Kenya’s export processing zones face a dire threat tonight as a key US trade agreement expires, putting over 65,000 jobs in jeopardy. This development hits hard in regions reliant on duty-free exports to America, where apparel and textile manufacturing thrive.
With the deal’s end, Kenyan firms exporting to the US without tariffs now brace for steep duties, potentially slashing competitiveness and triggering widespread layoffs in EPZ job sectors.
The African Growth and Opportunity Act, or AGOA, has been a lifeline for Kenya’s economy since 2000, enabling seamless access to the massive US market. Under this pact, Kenyan goods, like clothing, footwear, and agricultural products, flowed tariff-free, fuelling growth in export processing zones across the country.
Cities like Nairobi and Mombasa host bustling EPZs where thousands of workers, mostly women in garment factories, assemble products destined for American shelves.
But as midnight strikes on September 30, 2025, that era closes, leaving manufacturers scrambling for alternatives. President Donald Trump’s staunch protectionist stance amplifies the crisis.
His repeated mantra that nothing free enters the US unless made there shows a broader push for domestic production, as President Trump has long championed “America First” policies, arguing that fair trade demands reciprocity.
For Kenya, this means apparel exports once shipped duty-free could now face up to 32% tariffs, making them unviable against rivals like Vietnam or Bangladesh, and the industry leaders warn that without swift renewal talks, EPZ factories might shutter lines, leading to immediate job losses in Kenya’s vital manufacturing hubs.
The ripple effects extend beyond factory floors. Over 65,000 EPZ jobs in Kenya support families, local suppliers, and even rural communities through remittances, and a sudden halt in duty-free exports could spike unemployment rates, already hovering around 5% nationally, and strain social services in EPZ-dependent areas.
Small-scale farmers supplying cotton or leather to these zones might see orders dry up, while logistics firms handling shipments to US ports face revenue drops, with the economists predicting a 2-3% dip in Kenya’s GDP growth if the trade deal’s end lingers unresolved, hitting hardest those in low-skill assembly roles.
Kenya’s government isn’t standing idle, as officials in Nairobi are lobbying Washington for an extension, highlighting mutual benefits like job creation on both sides as the US imports billions in Kenyan textiles annually, supporting American brands while boosting African development.

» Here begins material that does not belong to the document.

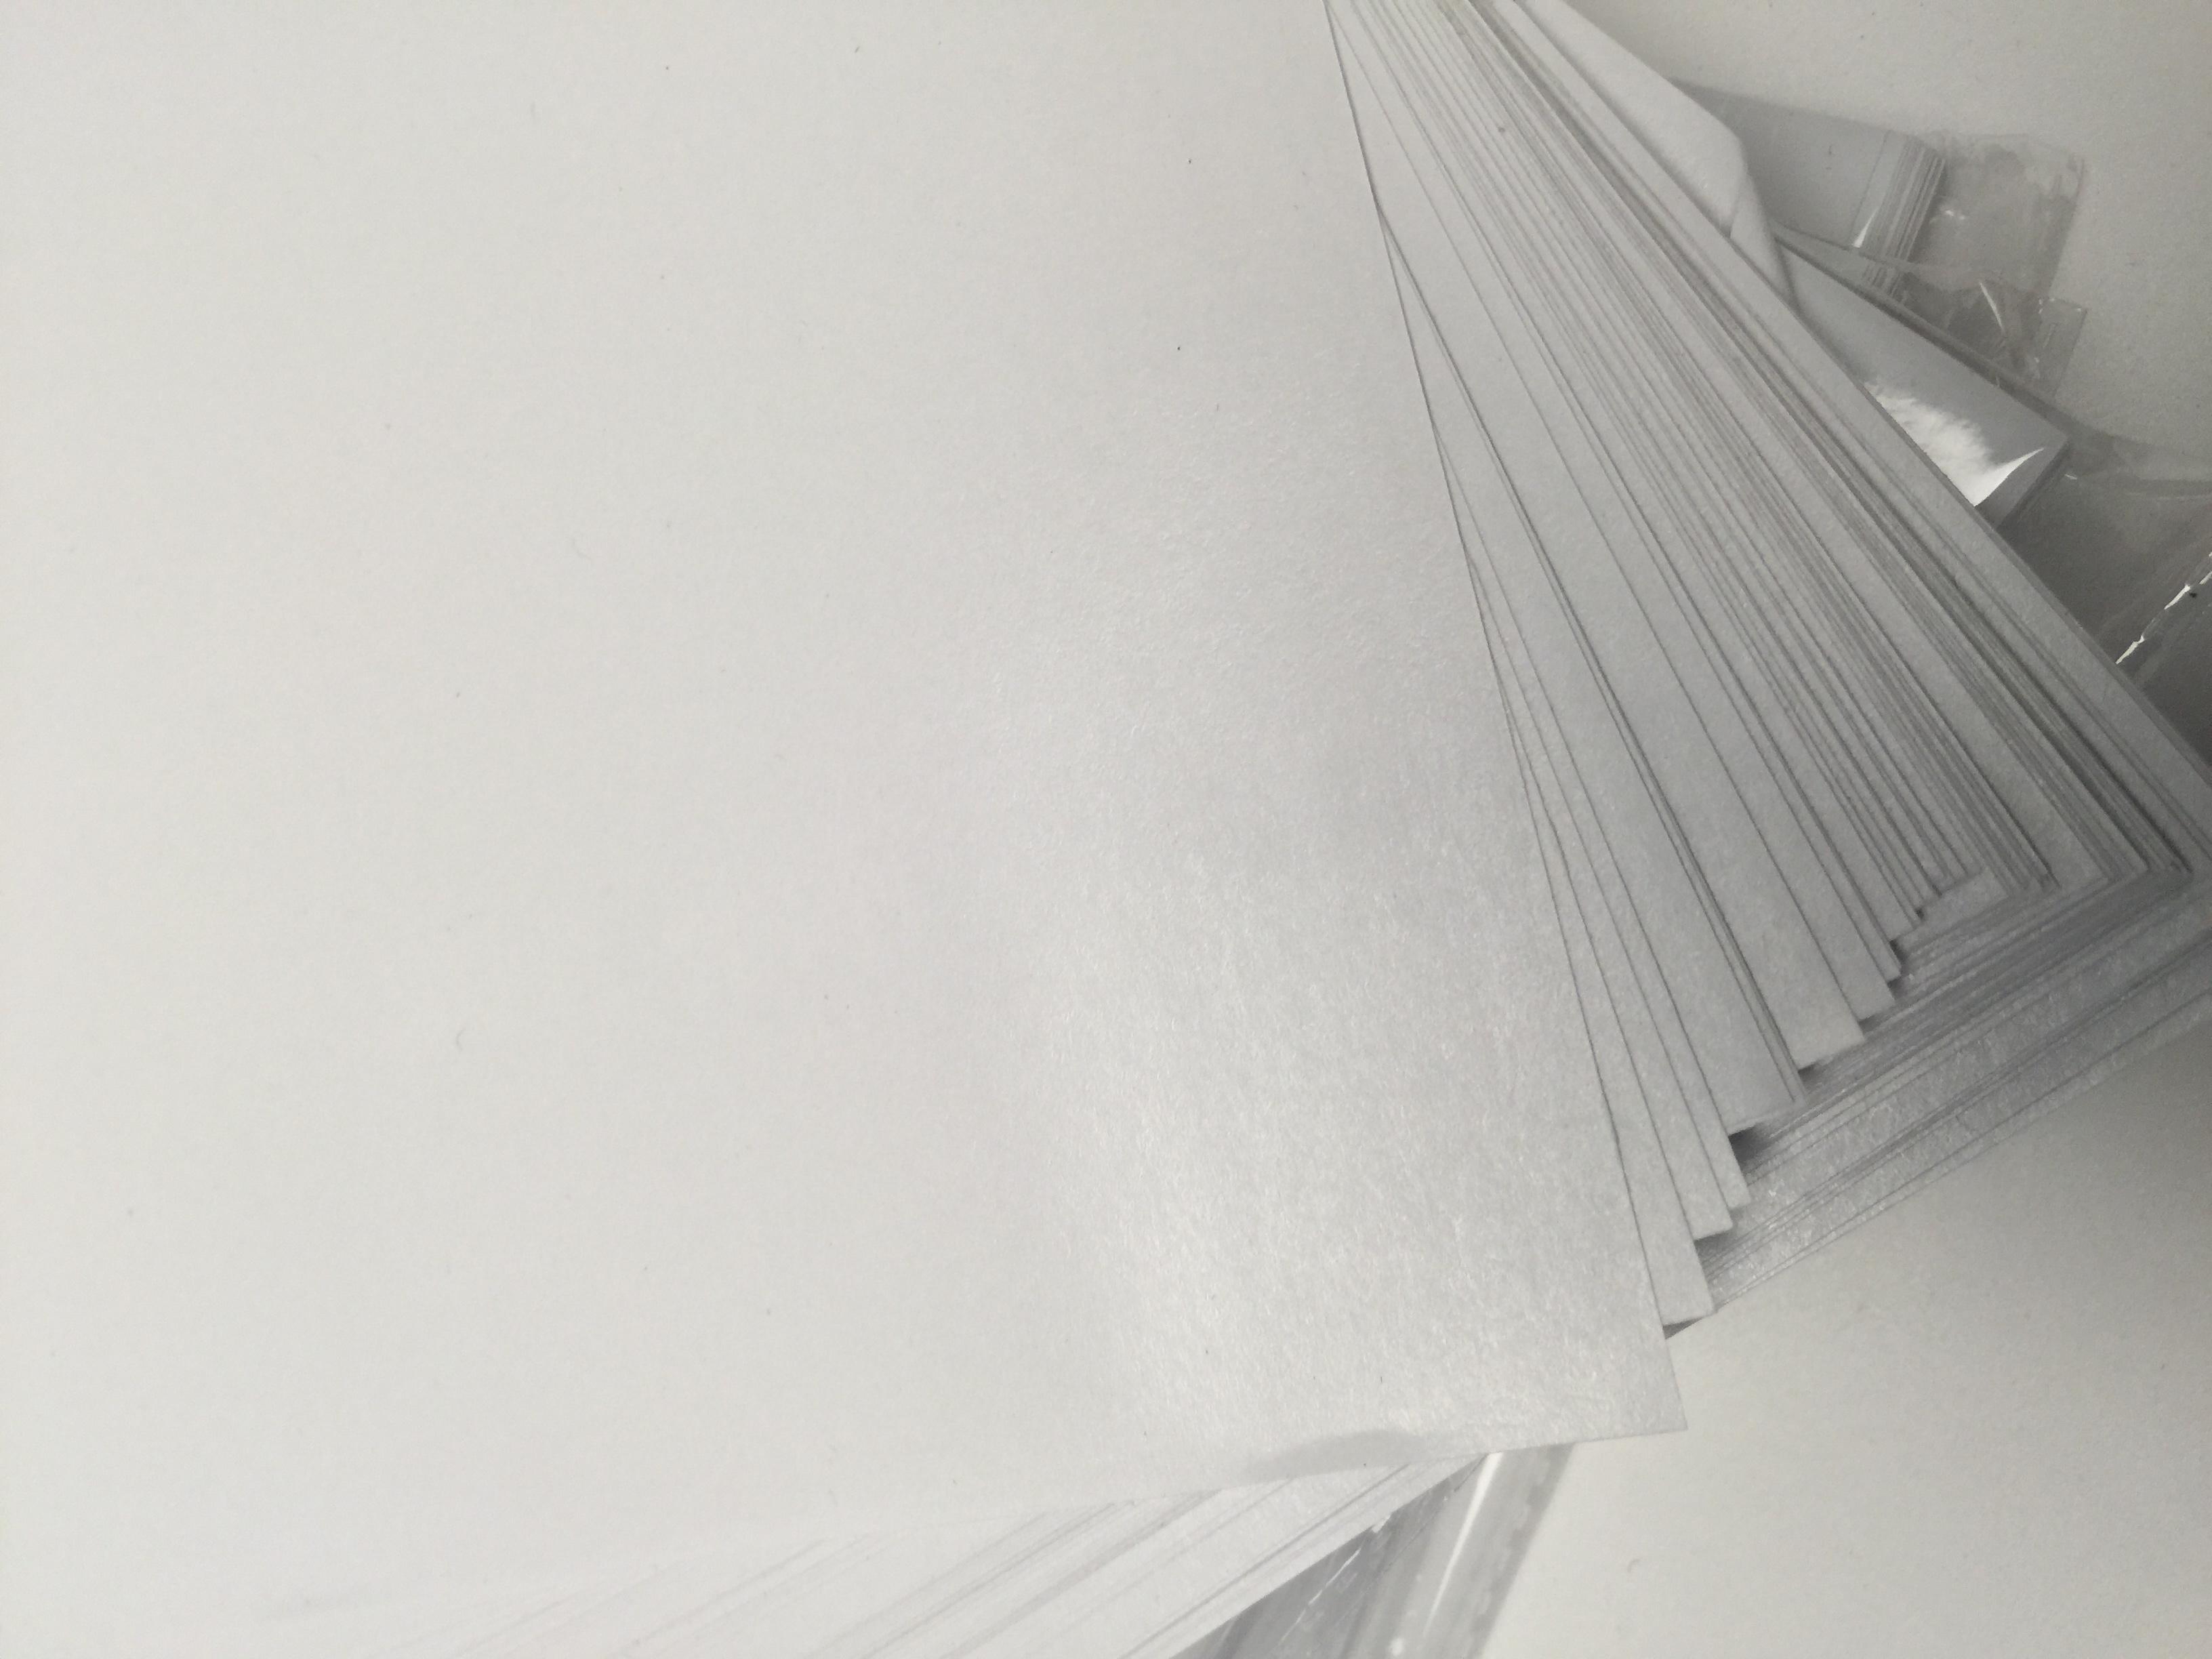 a4A4防粘纸离型纸隔离纸不干胶硅油纸剪纸贴手粘胶带diy手帐100张

Yet Trump’s administration shows little flexibility, prioritising tariffs to revive American manufacturing, while Kenyan exporters are pivoting too—exploring markets in Europe via the EU Economic Partnership Agreement or ramping up intra-African trade under the AfCFTA.
Still, these shifts take time, and tonight’s deadline leaves little buffer for EPZ workers facing uncertainty. As for the garment zones of Athi River, one of Kenya’s largest EPZs, the mood is tense, and seamstresses and cutters, who’ve honed skills over years of duty-free export booms, now eye résumés and side hustles.
Training programmes for upskilling in sustainable fashion or digital logistics offer glimmering hope, but they can’t offset the immediate pain of potential layoffs while community leaders urge youth to diversify into tech or agribusiness, yet the allure of stable EPZ jobs, with steady wages and health benefits, remains unmatched for many.
As the sun sets on this pivotal day, the end of US duty-free access spotlights the fragility of global trade ties, and for Kenya’s over 65,000 EPZ workers, tonight isn’t just a deadline; it’s a crossroads.